Solved Example of Mode

1. Find the mode for the following frequency table:


x

f

1

5

20

9

25

8

30

1

40

10

50

7


By observing the given data set, the number 40 occurs more often. That is 10 times.

Hence the mode is 40.

Mean  =  29.125

Mode  =  25 and

Mode  =  40.

FAQs on Measures of Central Tendency: Mean, Median, and Mode

1. What is the best way to study for mean, median and mode?

Mean, median and mode are some of the calculation methods that students can use in examinations as well as in daily life to make calculations and results easy.

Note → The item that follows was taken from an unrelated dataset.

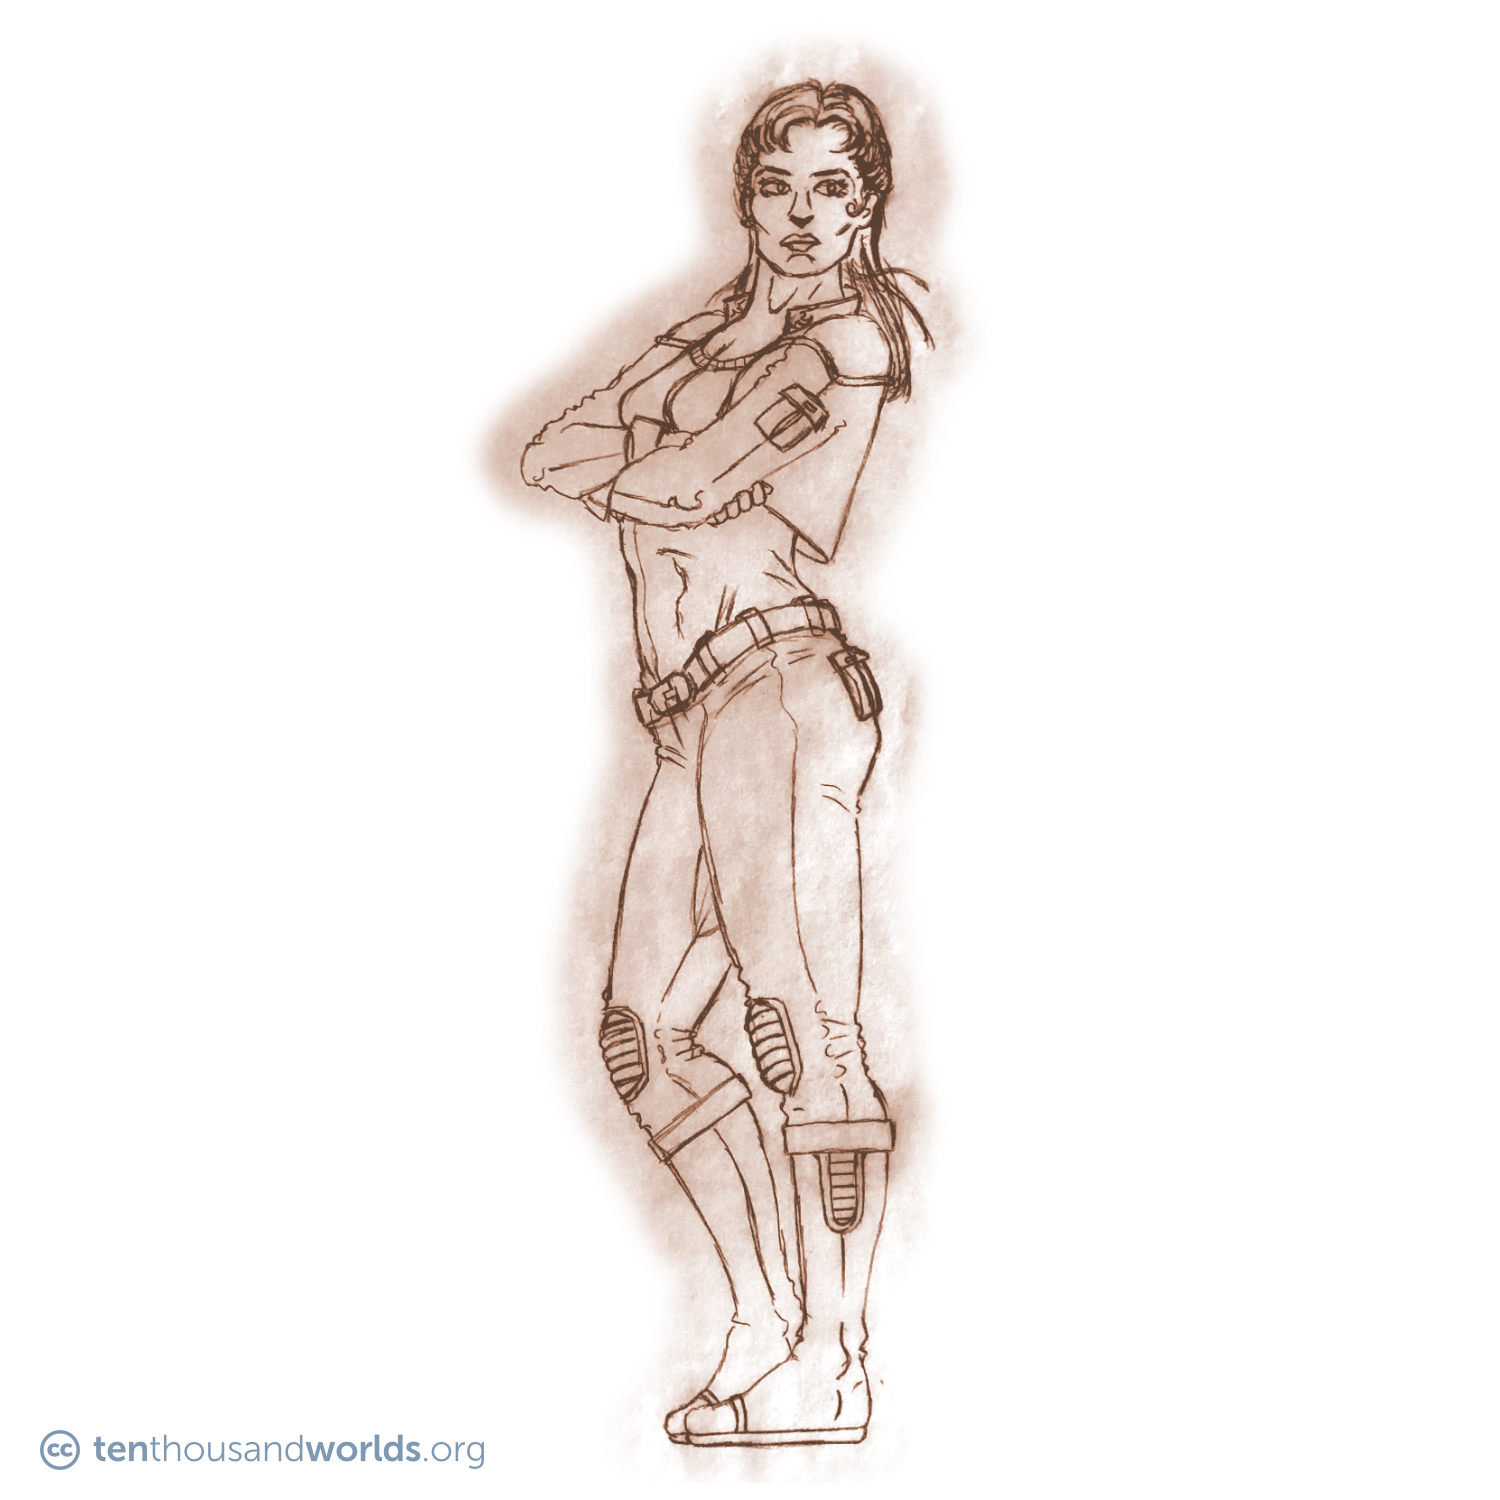 A pencil sketch of a woman in a futuristic pilot’s uniform standing with crossed arms.

The best way to study mean, mode and median are to make tabular forms with the three as the headings and write down the characteristics that differ from each other. Then, students can try to make formulas that fit the best in the table, according to their understanding. To get a mastery over the topic, the students can practice questions relating to mean, median and mode, which can be found on the official website of Vedantu. 

2. How can I study mean better?

Mean is a type of average that can be better understood when the students try to practice it vigorously. Since mean is one of the most common forms of calculation in statistics, it is used in management by employers and for many daily life practices such as finding scores in matches of sports and also marks in a test. The best way to study the mean is to practice the sample questions regarding the topic which is mean. These questions are available on the official website of Vedantu. 

3. How can I study the median better?

Practicing the questions makes you work your memory and the concept you know about the topic Mean already and what you need to know. It is better to take sample questions that are already solved but they should be revealed before the students attempt the questions. This helps in confirming whether or not the students' answers are correct. The sample question forms which have the answers solved and explained in detail are compiled in PDfs. These pdfs are available inaccessible and downloaded ready at the exposure for the students. 

4. How can I study mode better?

Since mode happens to be the easiest form of calculation among all the three measures of central tendencies, students can practice the sample questions of mode provided along with answers that are explained step by step and in order. These answers are compiled neatly in PDFs that are created by high-quality experts of the subject matter. These answers can be easily accessed and downloaded from the official website of Vedantu. 

5. How are mean, median, the mode used and applied? 

Mean, median, and mode are the type of calculations that can be used in the daily life of a student. There are many professions that have the use of the statistics from measures of central tendency i.e mean, median and mode. These methods can be used in businesses, management, and other branches such as science, physics, and mathematics. They can also be used in several other daily life actions such as rankings and scores in sports such as cricket and marks in tests.